▶ [Dataset section]:

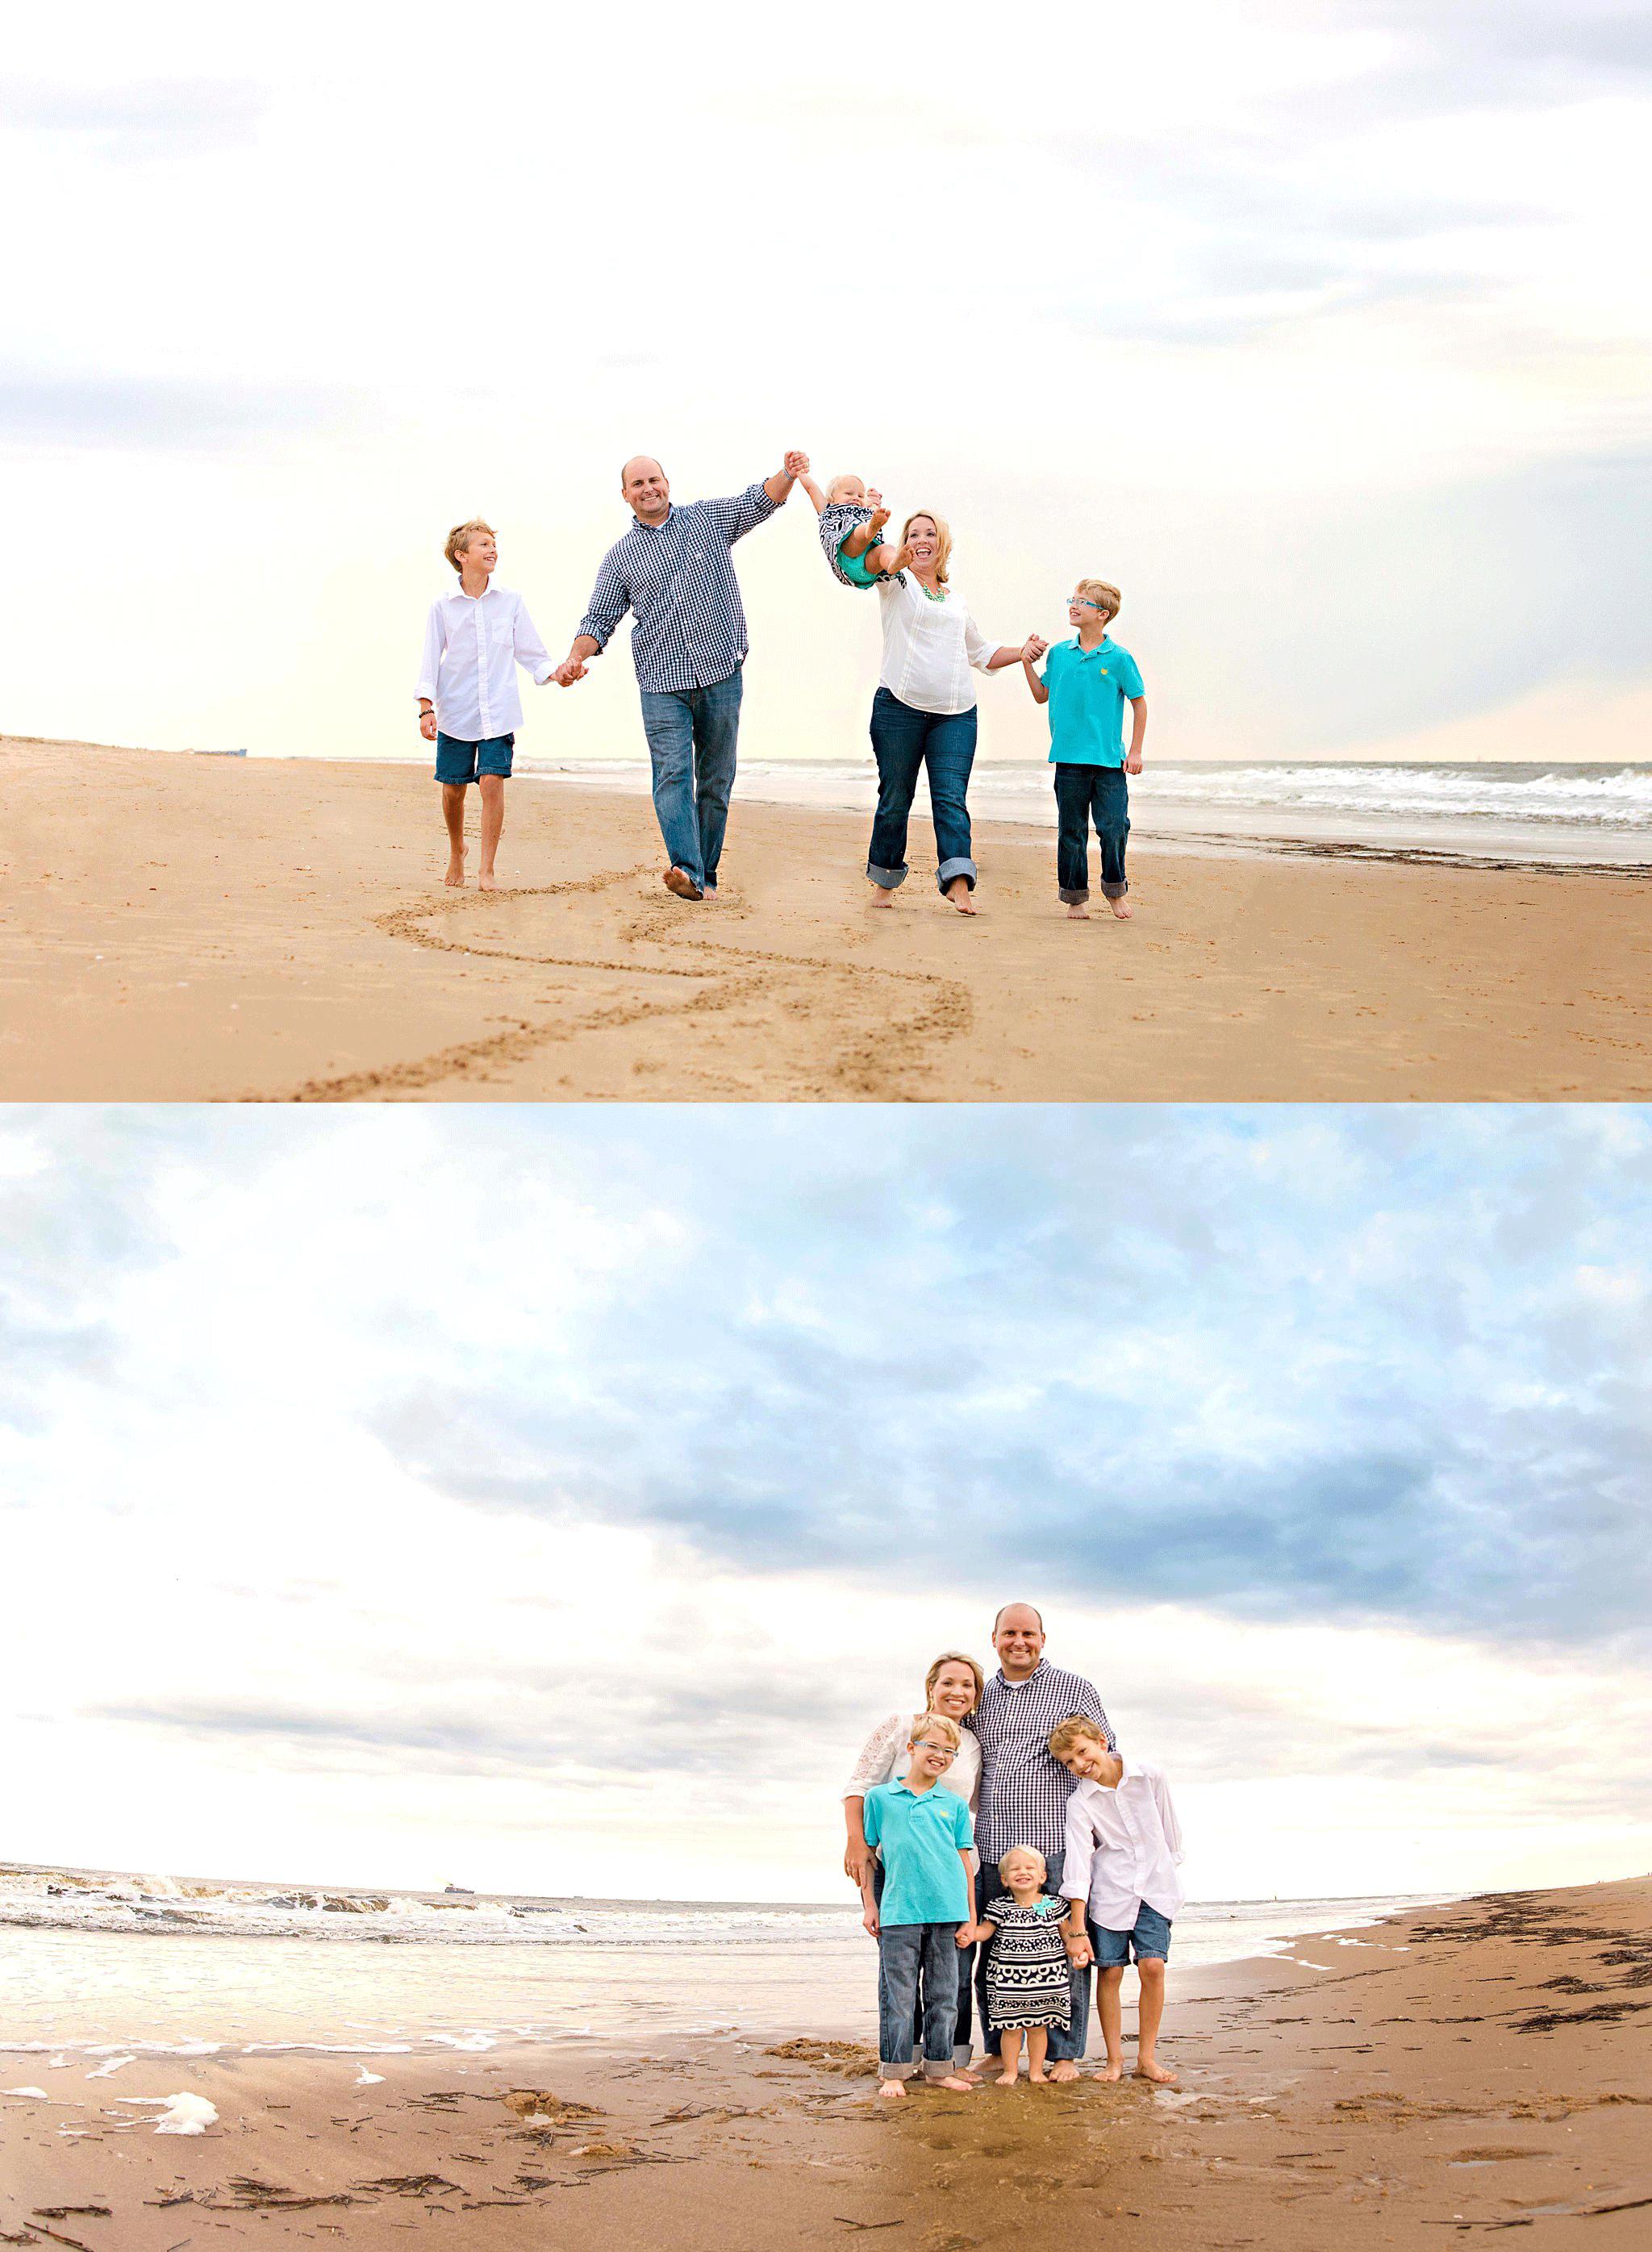 sandbridge-beach-photographers-family-photos-on-the-beach-virginia-beach-photographer-melissa-bliss-photography.png
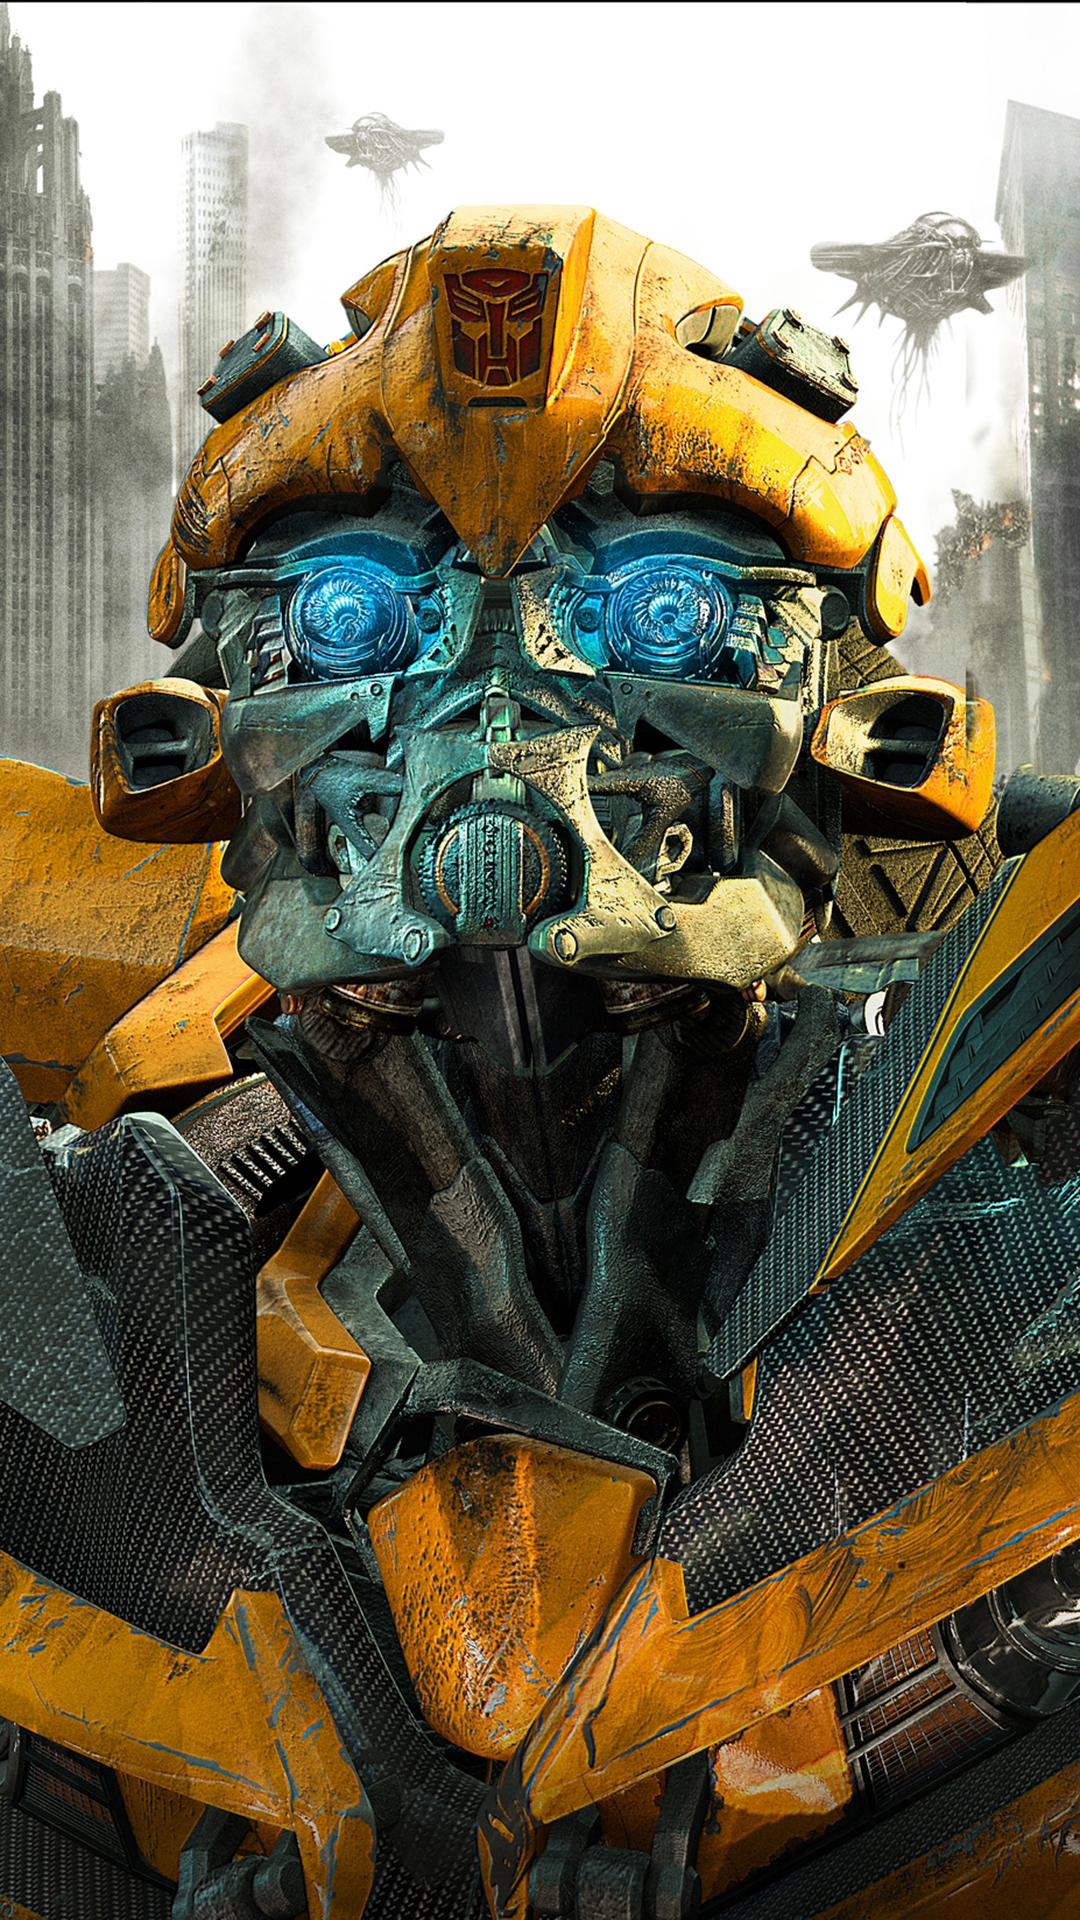 Transformers Autobot Bumblebee htc one wallpaper   Best htc one 1080x1920
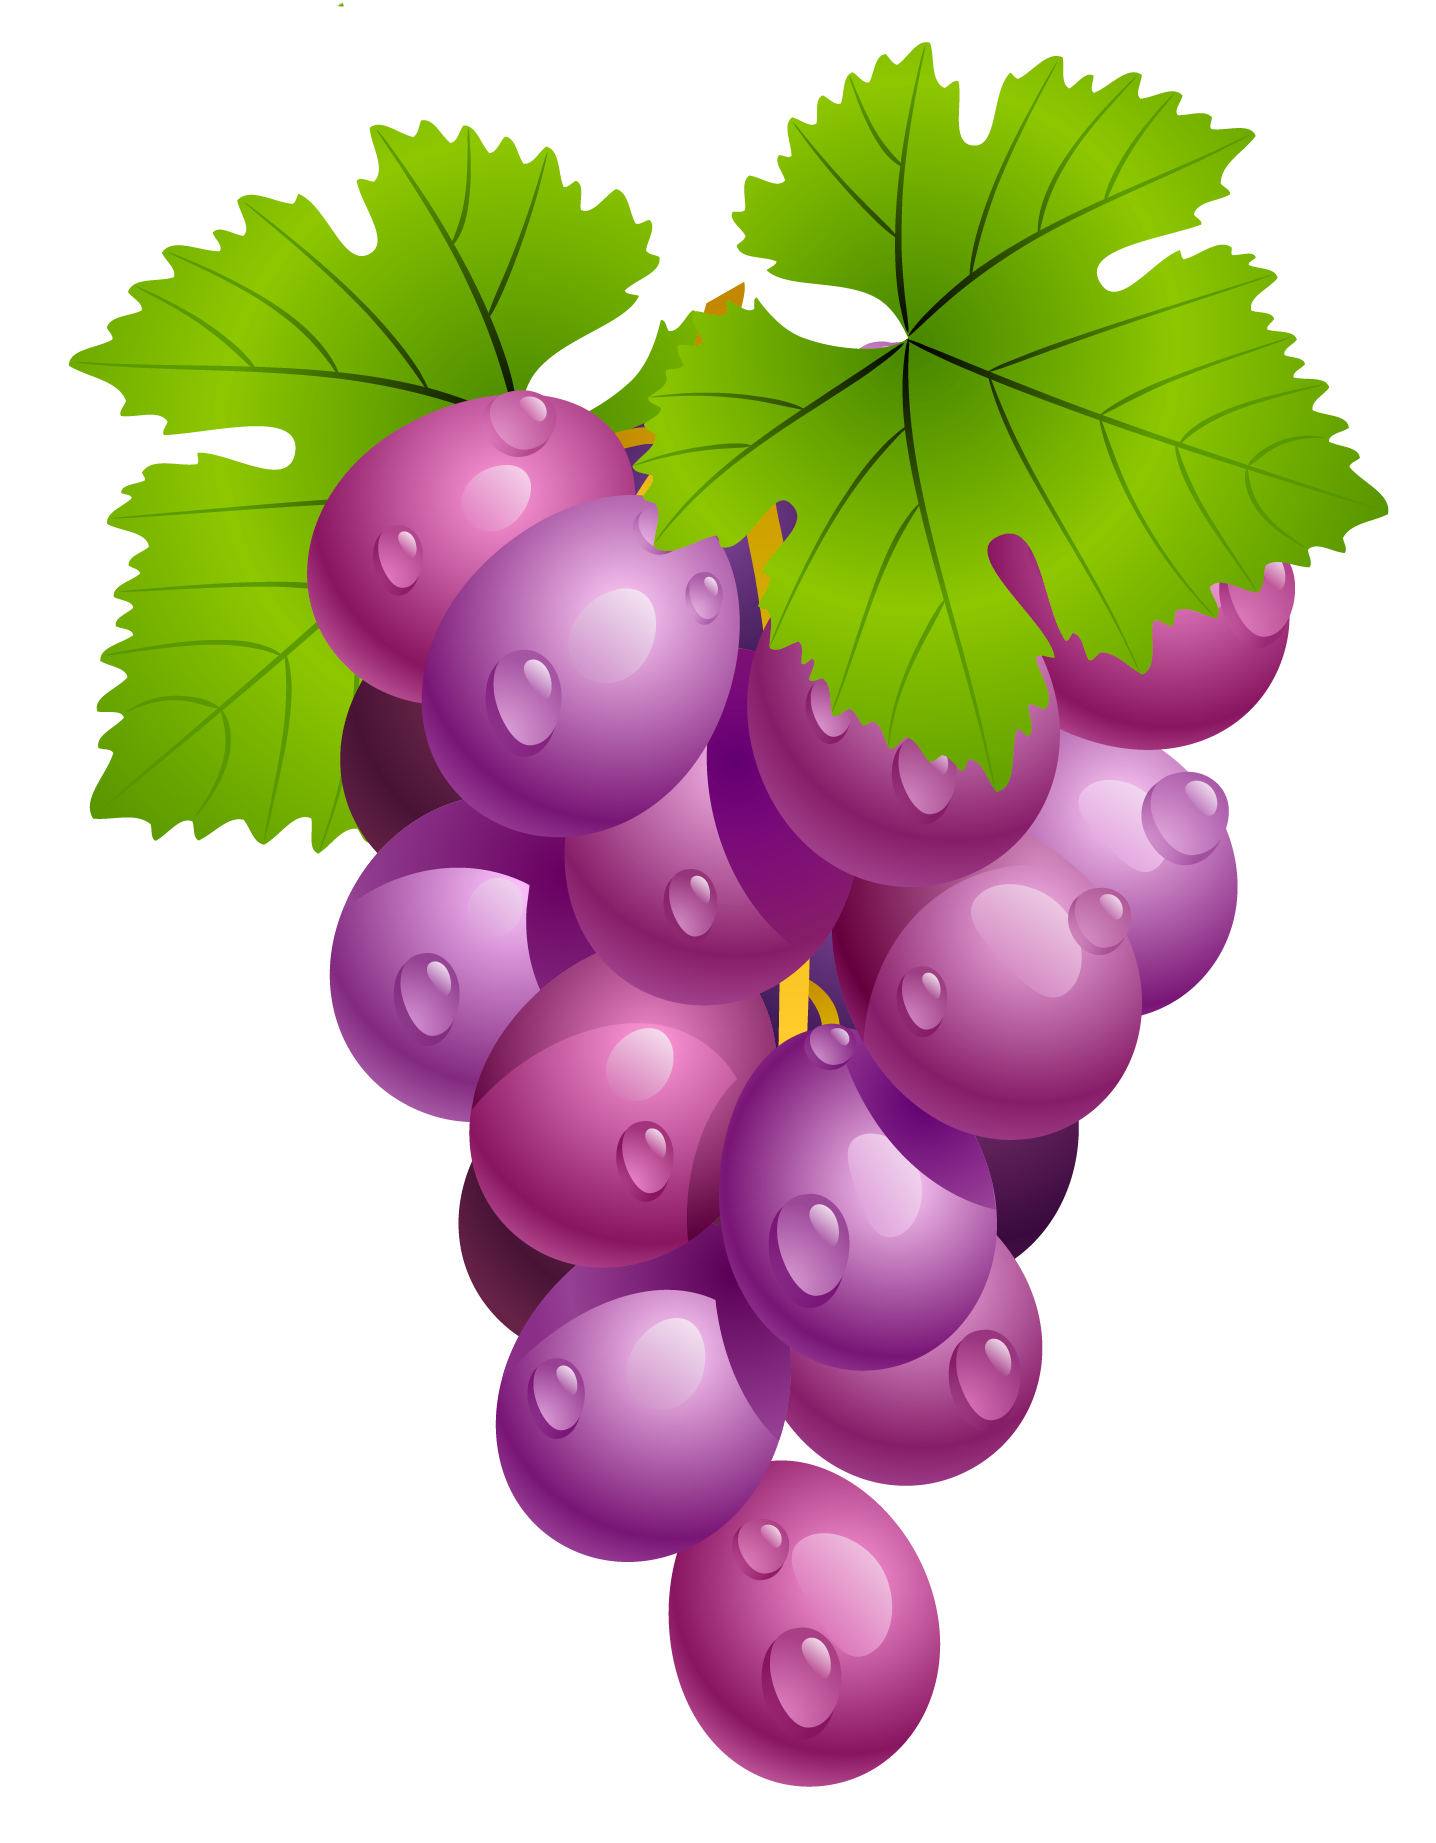 Clipart Grapes & Grapes Clip Art Images.

▶ [Assignment]: Copy the material shown above in full and exactly. Skip the pictures.

▶ [Response to this task]:
 sandbridge-beach-photographers-family-photos-on-the-beach-virginia-beach-photographer-melissa-bliss-photography.png
 Transformers Autobot Bumblebee htc one wallpaper   Best htc one 1080x1920
 Clipart Grapes & Grapes Clip Art Images.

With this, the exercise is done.